**Your goal:** Leave out the pictures and output exactly the lines below from the one with "Ein Denkmal für" down to the one with "Сын спрятился под кровать мамы 12 фотография", both of them included.

**Supplied entries:**
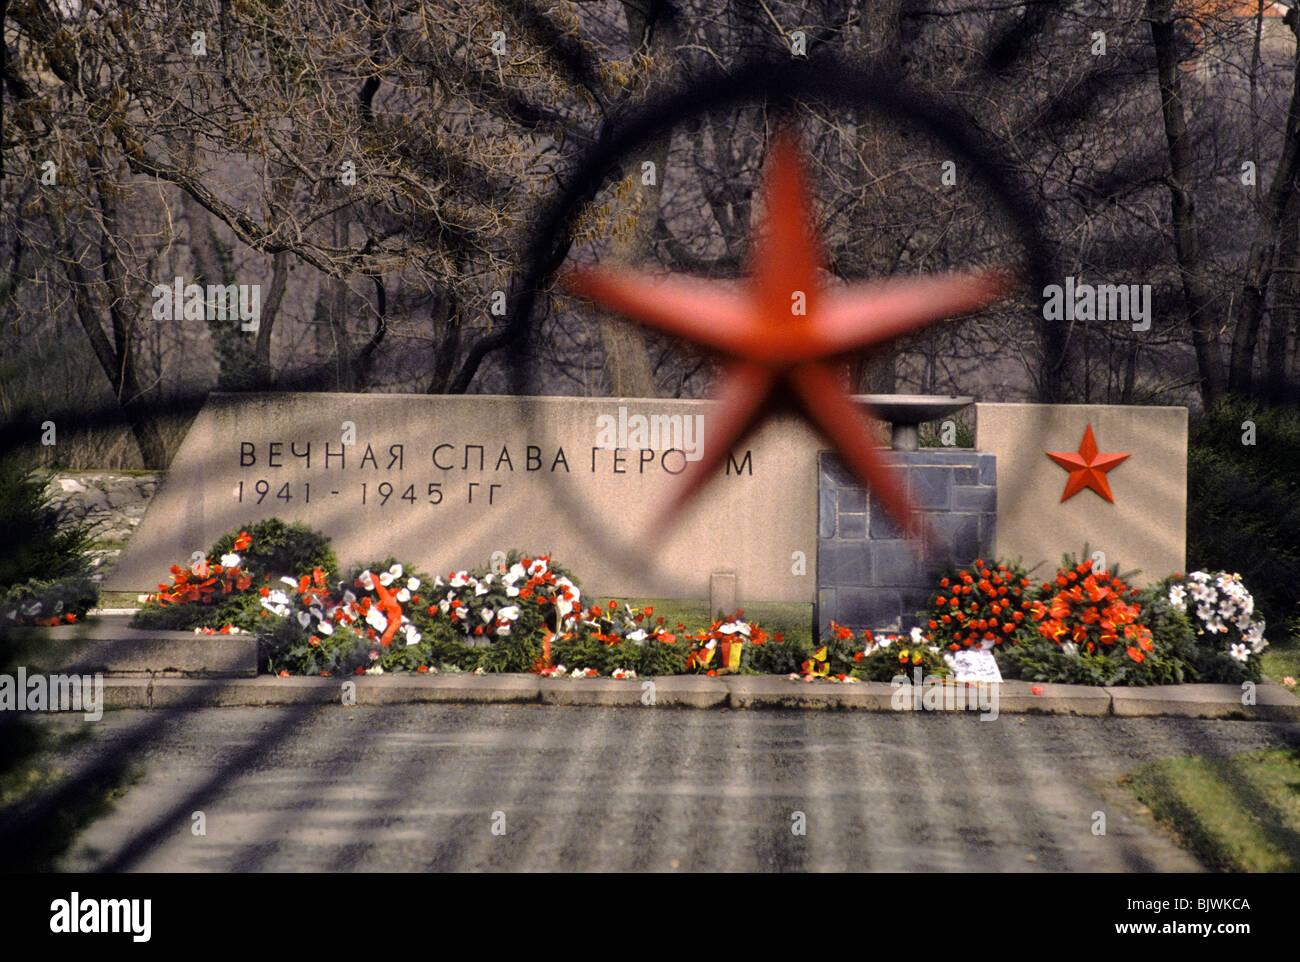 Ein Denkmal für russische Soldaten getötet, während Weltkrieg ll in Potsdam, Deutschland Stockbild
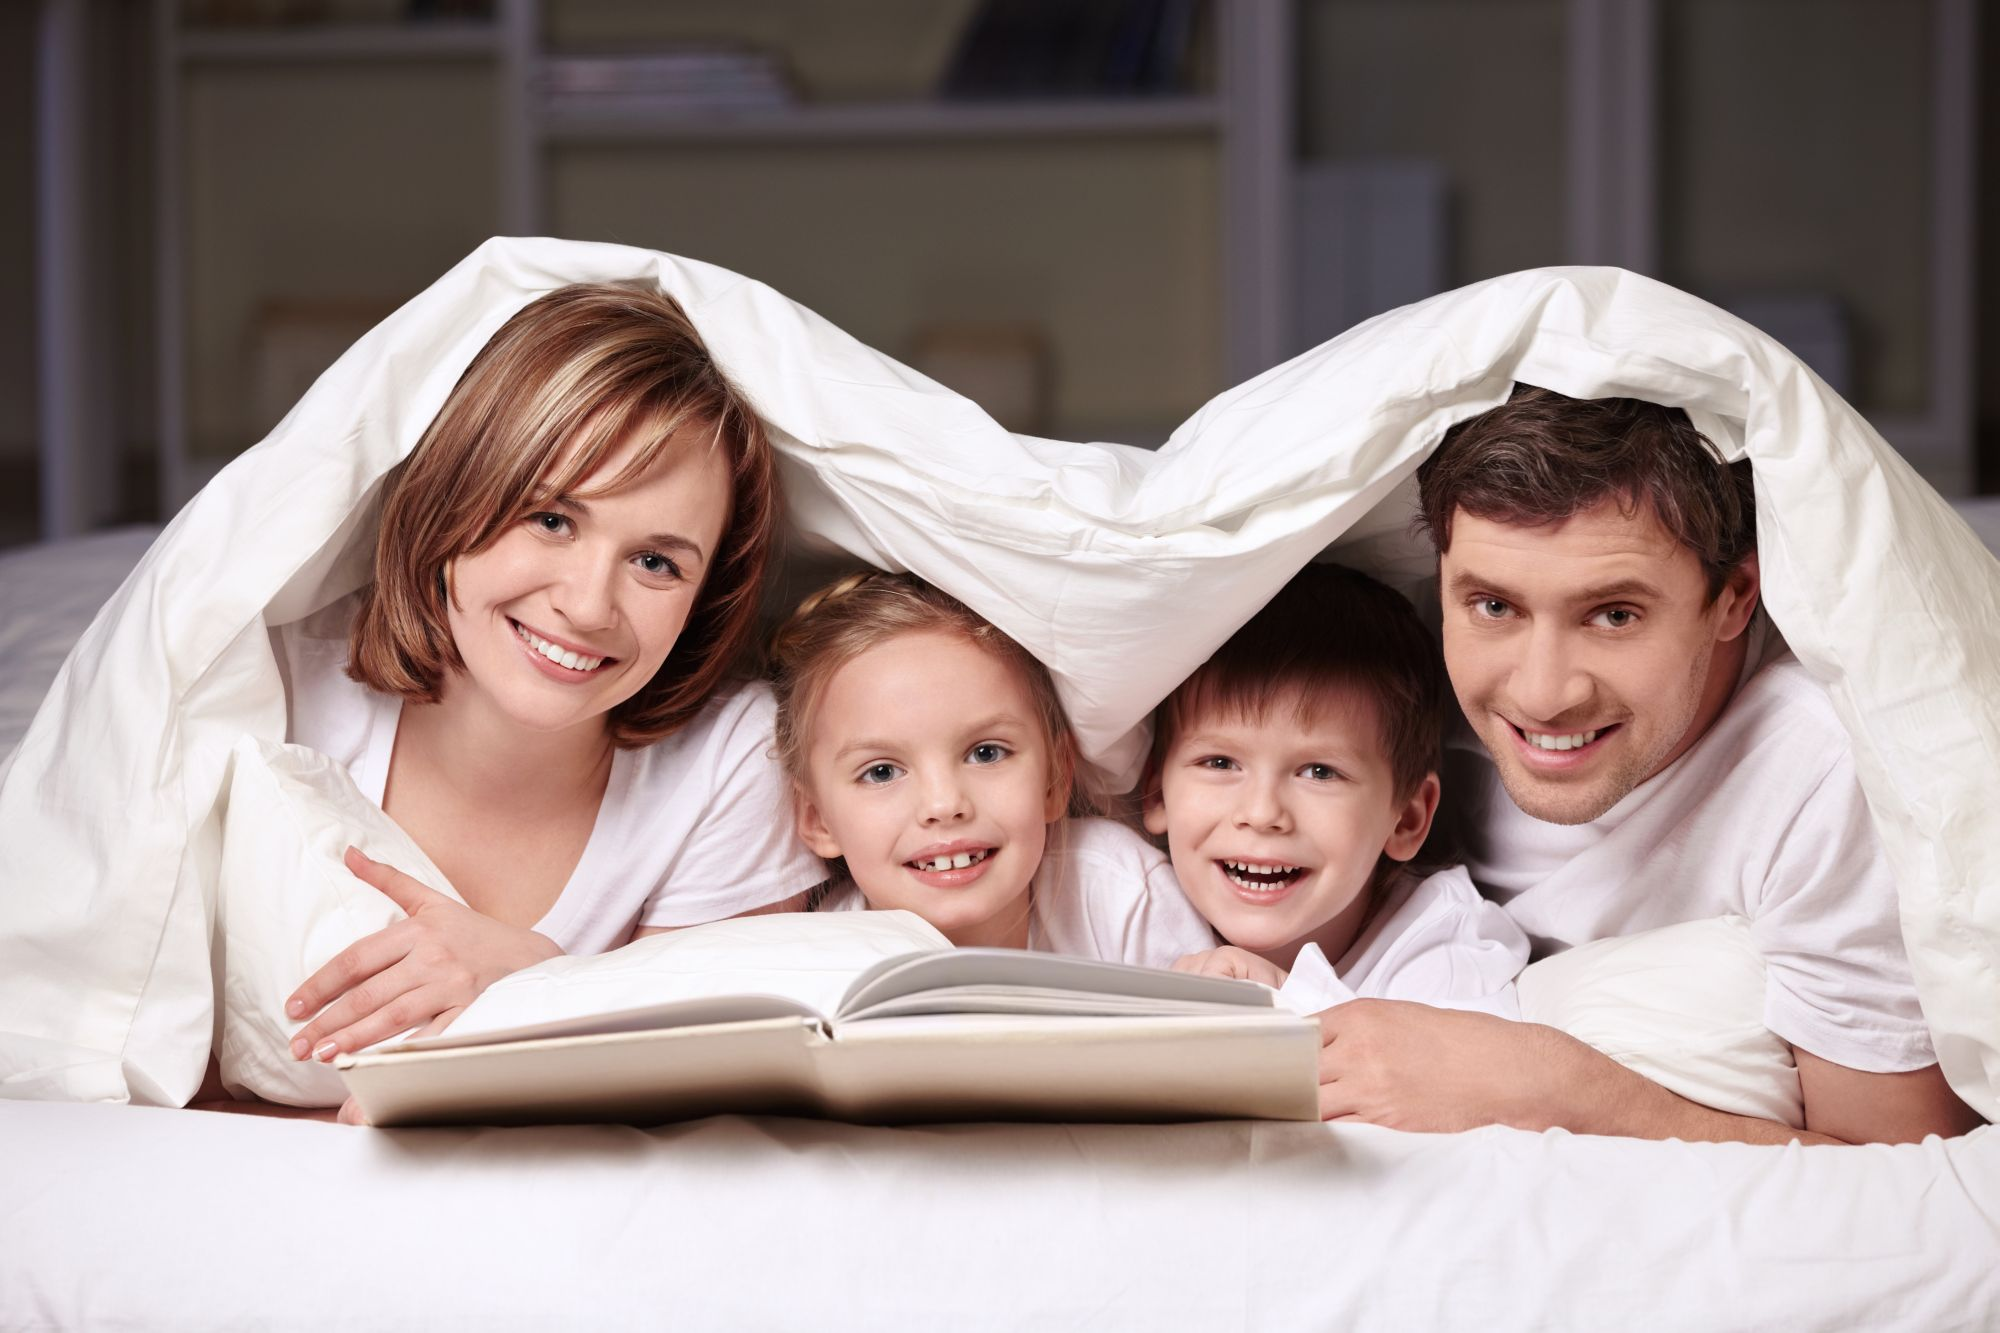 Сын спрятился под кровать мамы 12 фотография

* * *

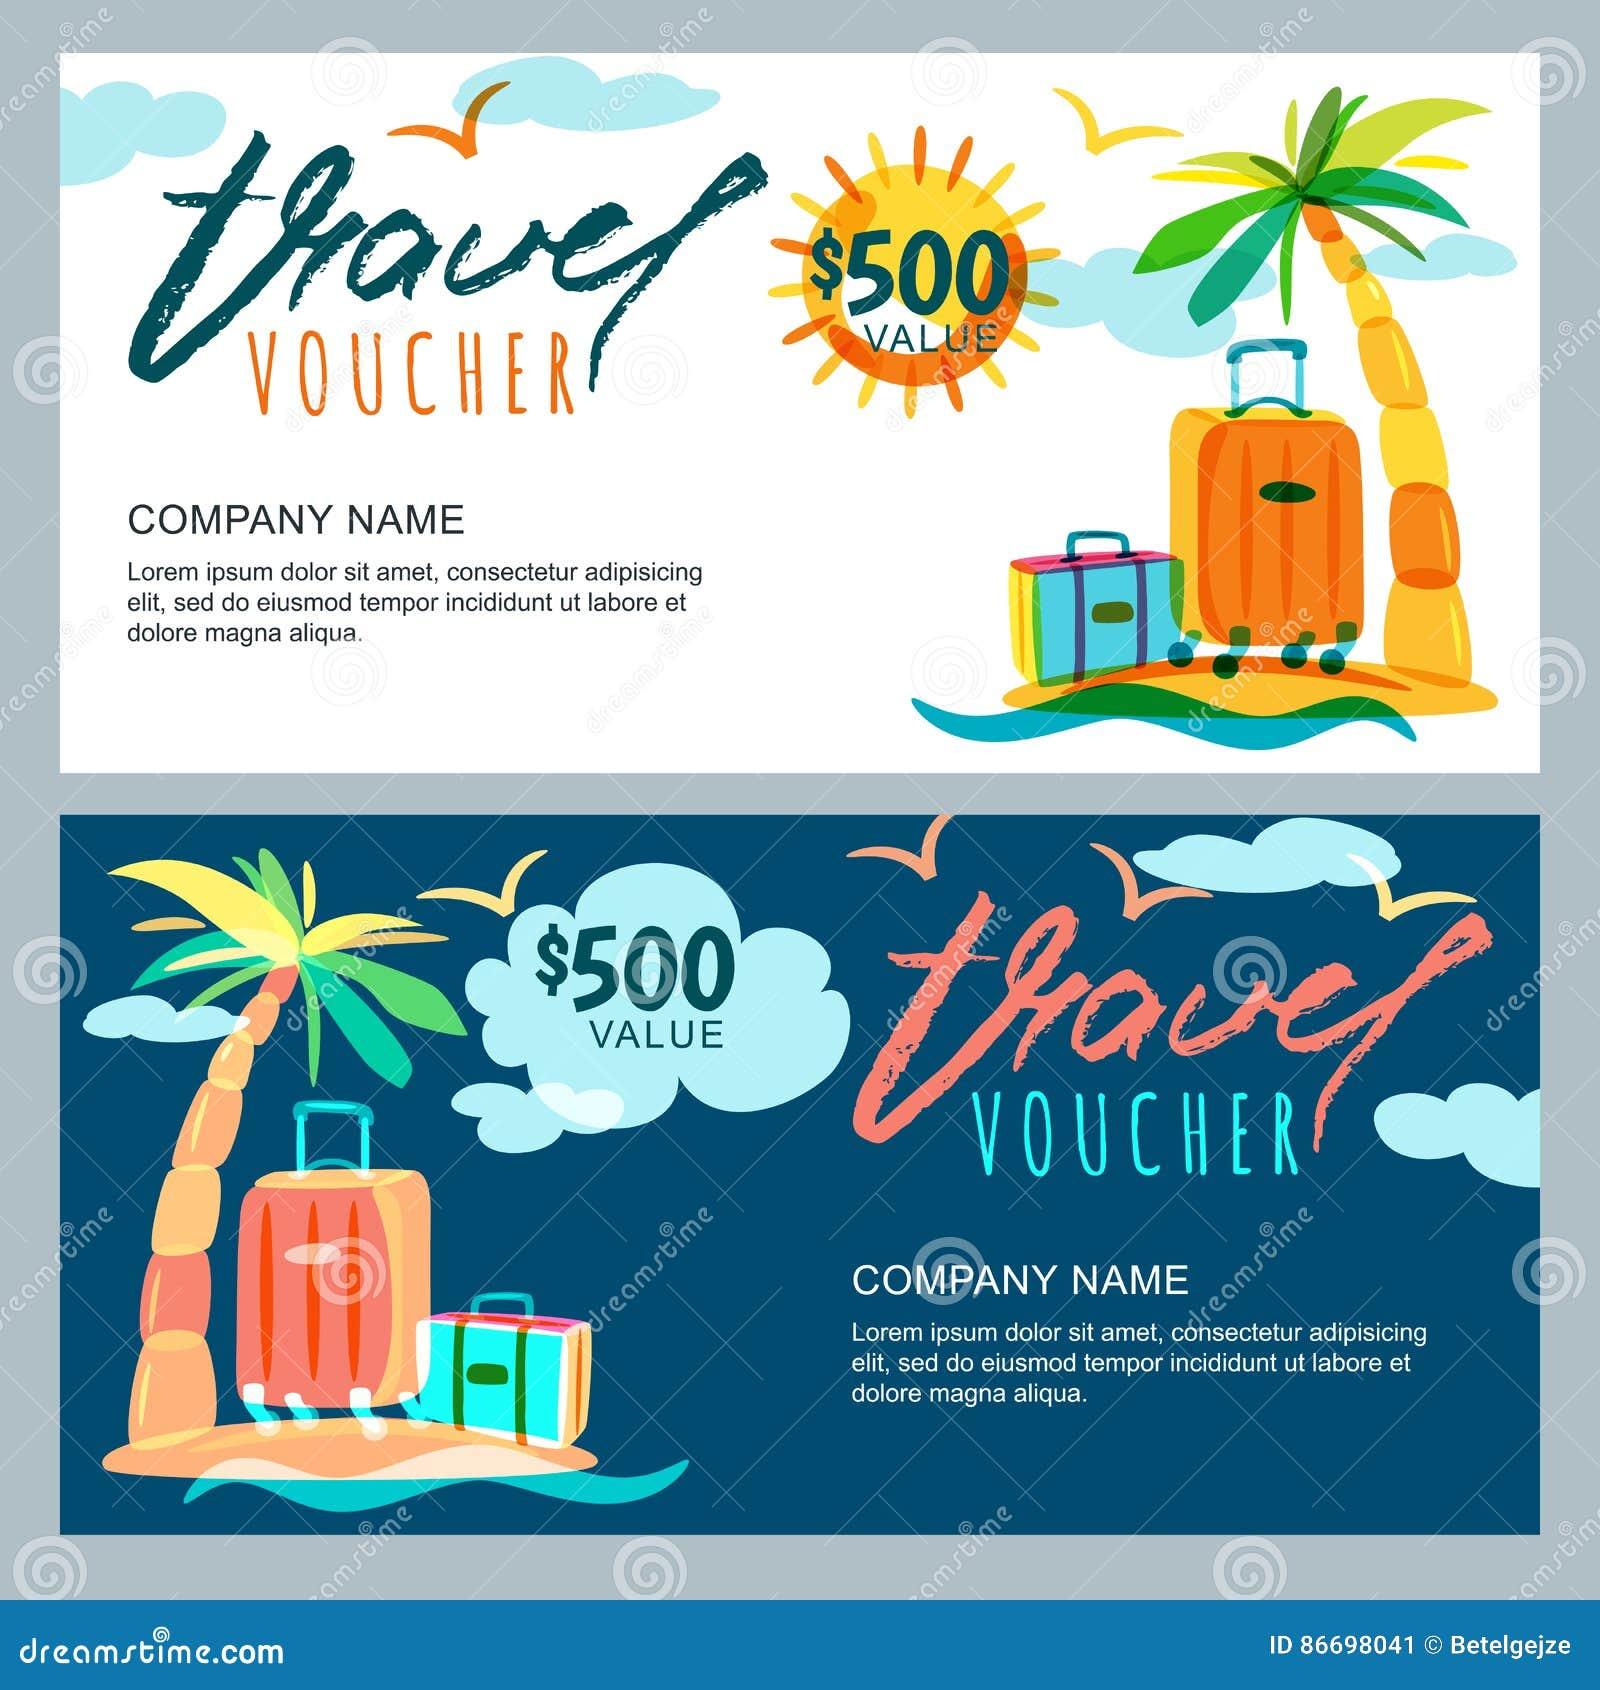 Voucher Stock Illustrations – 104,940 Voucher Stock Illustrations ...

---

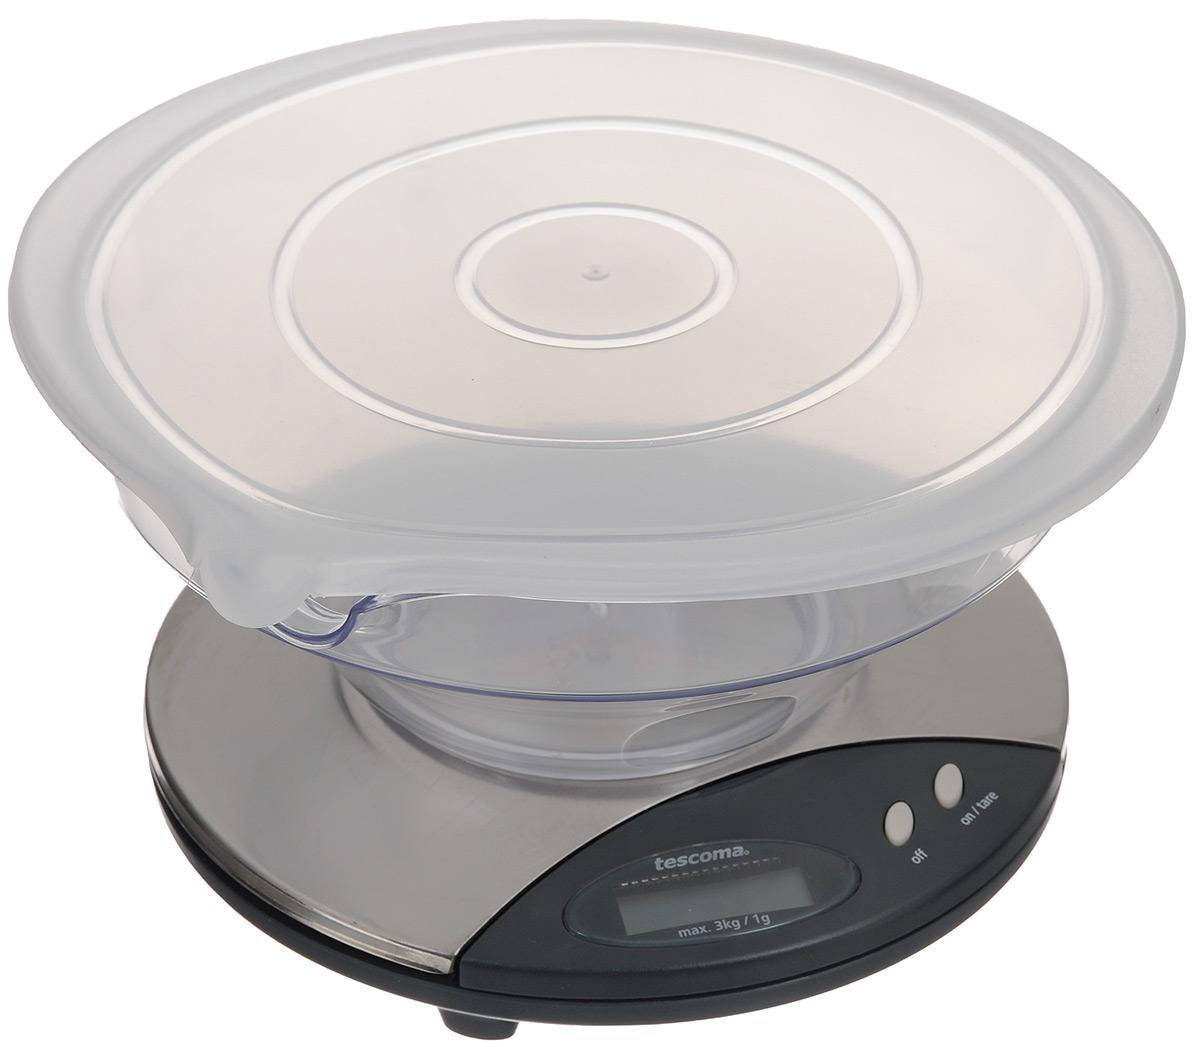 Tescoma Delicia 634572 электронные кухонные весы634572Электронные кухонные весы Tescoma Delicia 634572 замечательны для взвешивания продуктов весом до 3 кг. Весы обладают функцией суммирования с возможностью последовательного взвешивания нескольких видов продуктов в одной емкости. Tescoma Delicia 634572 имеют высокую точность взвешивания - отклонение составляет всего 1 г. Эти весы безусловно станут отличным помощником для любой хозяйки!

**Your solution:**
 Ein Denkmal für russische Soldaten getötet, während Weltkrieg ll in Potsdam, Deutschland Stockbild
 Сын спрятился под кровать мамы 12 фотография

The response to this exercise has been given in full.